Home Thoughts Thought Articles Automatic Value Objects
Automatic Value Objects
Written by Ben Teese   
Tuesday, 11 October 2005 00:00

The Value Object pattern (also known as Transfer Objects) is one of the most well known J2EE patterns. Its intention is to allow efficient client-server data transfer. However, it has its drawbacks: even in the best-case it can result in an extra layer of simplified data structures that closely resemble the object models in your system; in the worst-case these data structures can end up becoming the object model for your entire system architecture. Either way, the value object pattern can result in systems that are difficult to maintain. This is especially the case for systems comprising complex clients and non-clustered servers.

In this article I will discuss such a system in more detail, and then demonstrate a prototype for a tool that uses Dynamic Proxies and RMI to automatically generate value objects. I'll talk a little bit about how the tool works, and then discuss some broader issues relating to optimizing client-server communications. Finally, I'll talk about ways in which the prototype could be extended, including an inspiration from Hibernate.

In a Past Life

In a past life I worked on a project involving a large and complex Swing client. It talked to an equally large-and-complex home-built application server. Because it was using Swing, the sorts of things that the client was able to do to business objects were fine grained and sophisticated - more so than for a web application that had a course-grained request-response cycle.

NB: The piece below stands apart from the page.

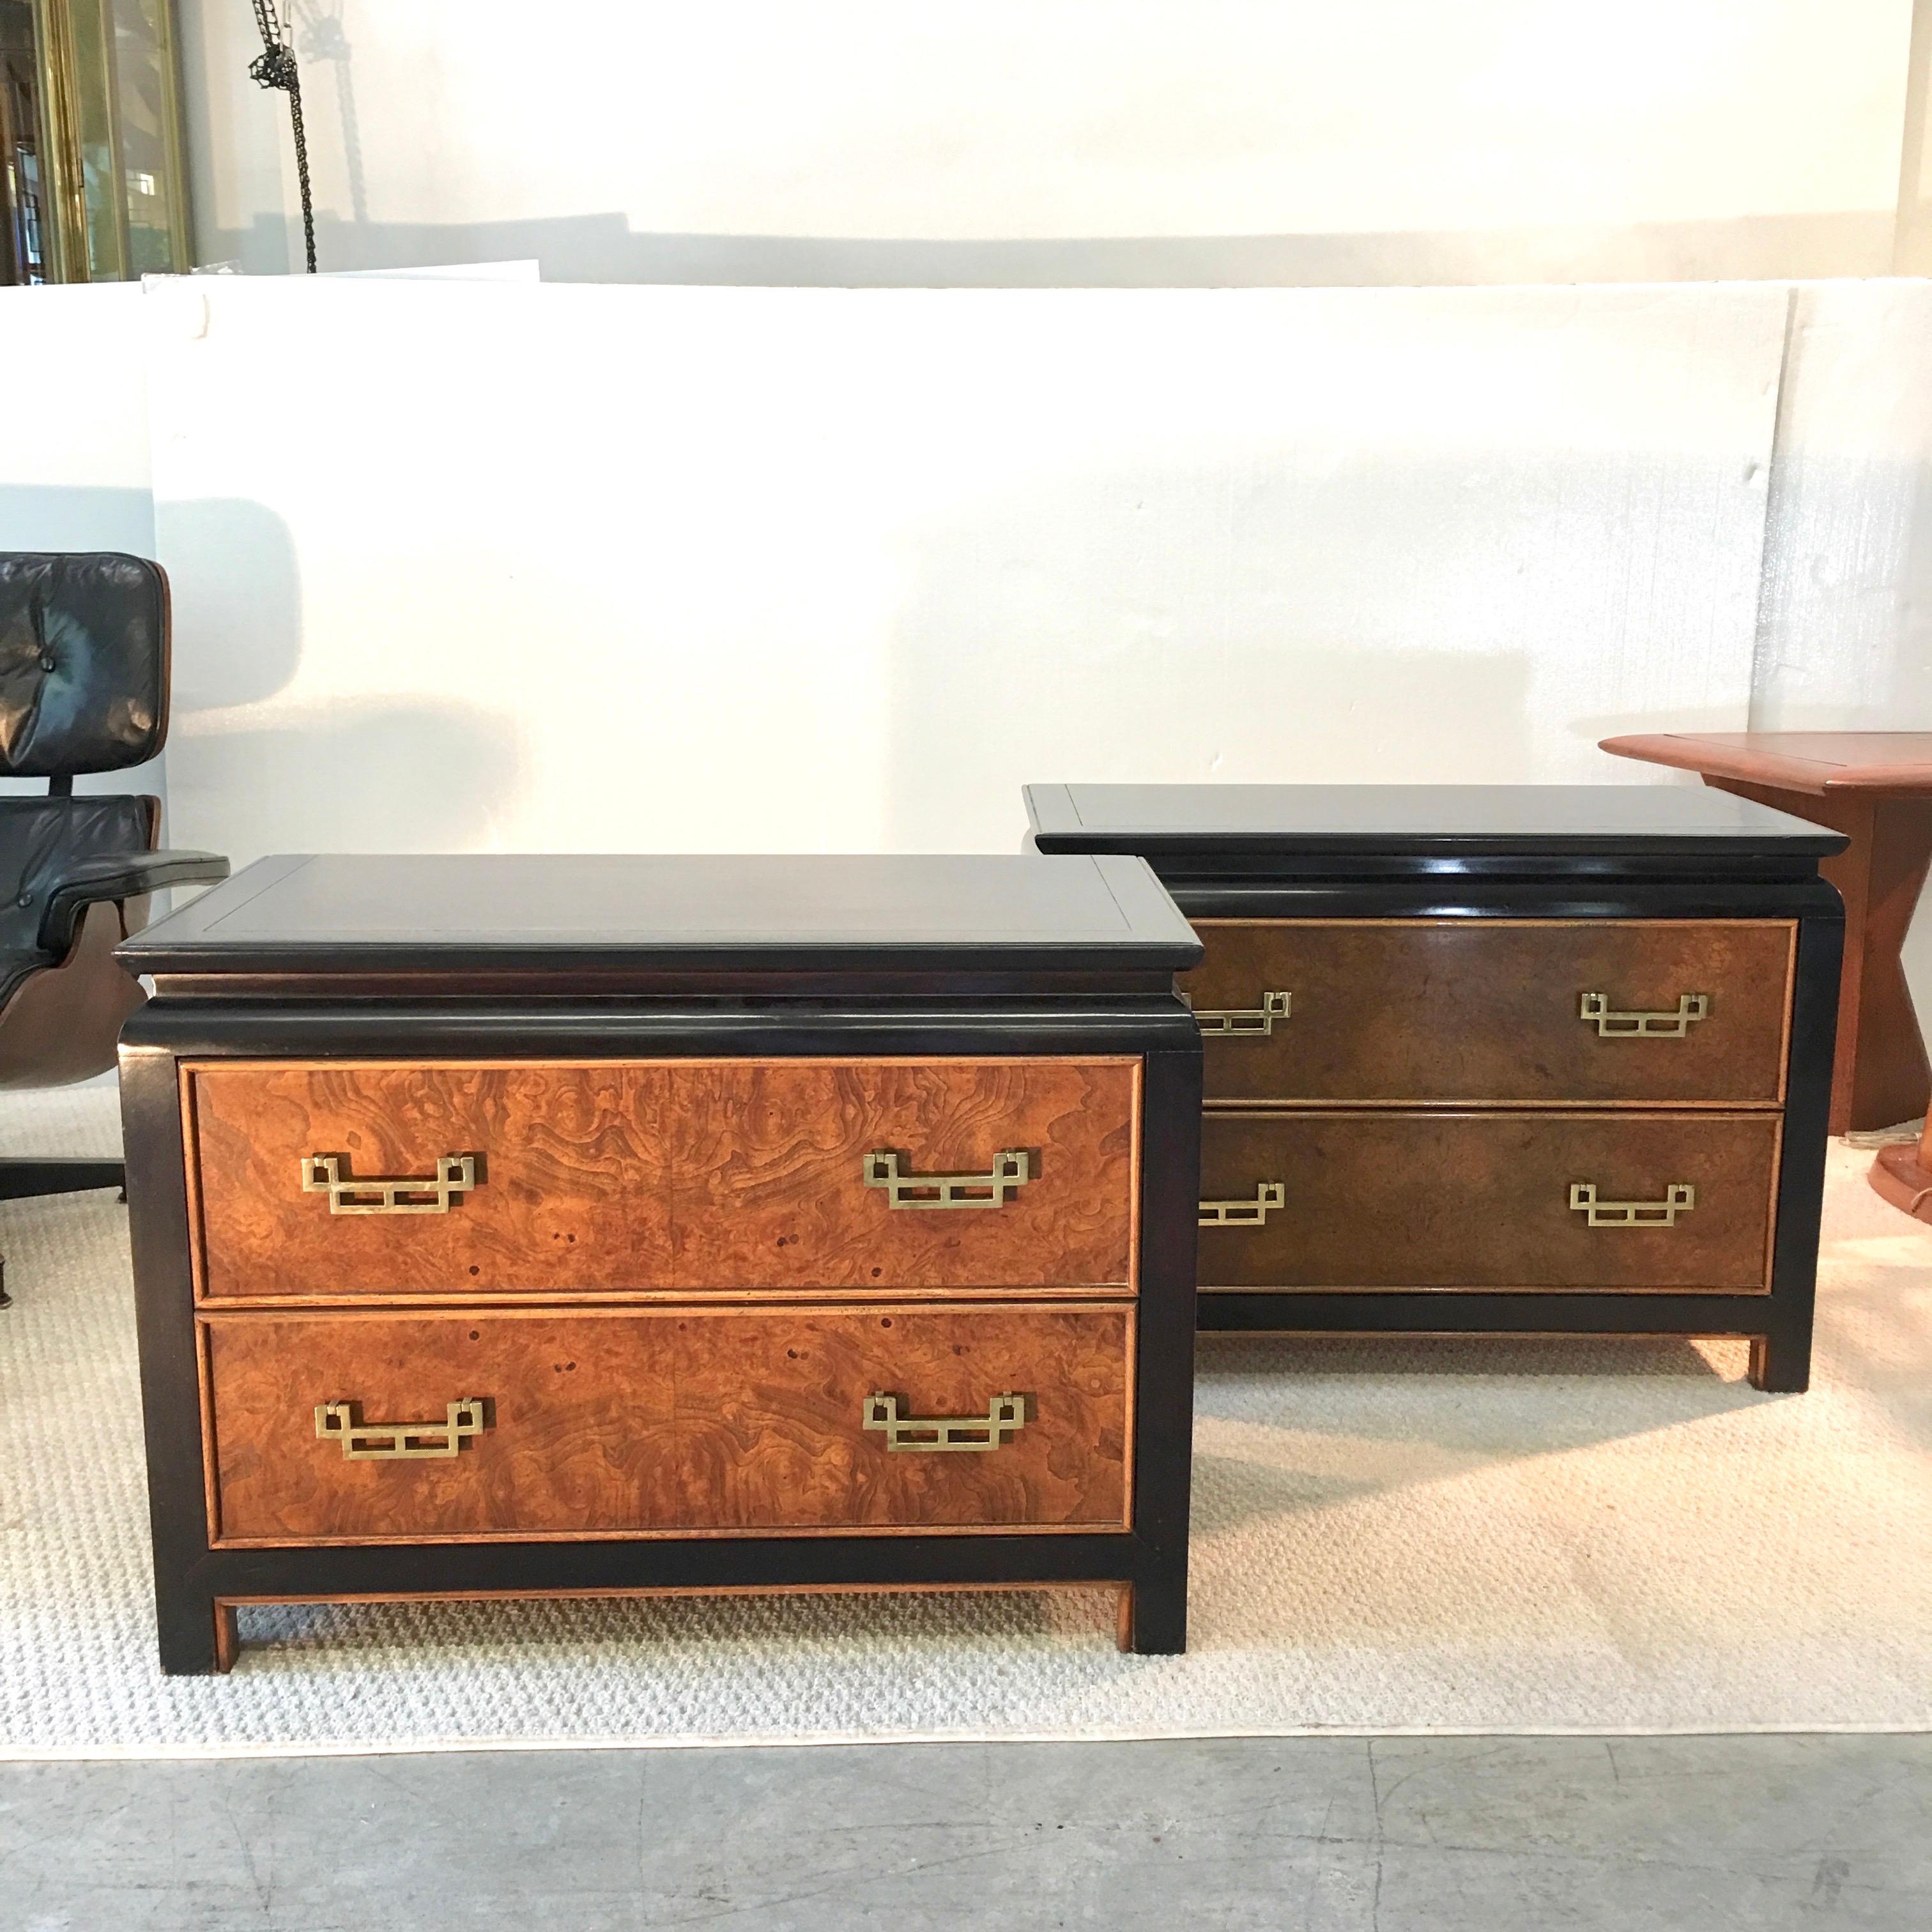 Pair of nightstands from the 1970s Chin Hua collection designed by Raymond Karl Sobota for Century Furniture. Two drawers with distinctive solid brass Asian inspired modernist pulls against burl wood drawer faces and sides on an ebonized case.

Furthermore, the interactions between these objects (on the server-side) would also be quite complex, and in some cases need to be made immediately visible on the client. Sometimes a change to a field in one window would require that the value of another field in another window be updated immediately. Even worse, sometimes the processing in-between these updates would require some kind of server interaction - for example, a call to a central clock.

Value objects were used in this system for client-server communication. The reason for this was performance-related - the system operated primarily over a network and latencies were of concern.

The problem was that the value objects pervaded the entire architecture. They defined the basic building blocks for the entire system.

It was all well and good to be subject to such constraints when adding functionality that needed to operate over the remote interface. However, much of the time, either not much or none of the functionality actually pertained to remote layer. Consequently, you'd be stuck with using these simple data structures when it would be much more desirable to have a richer object model.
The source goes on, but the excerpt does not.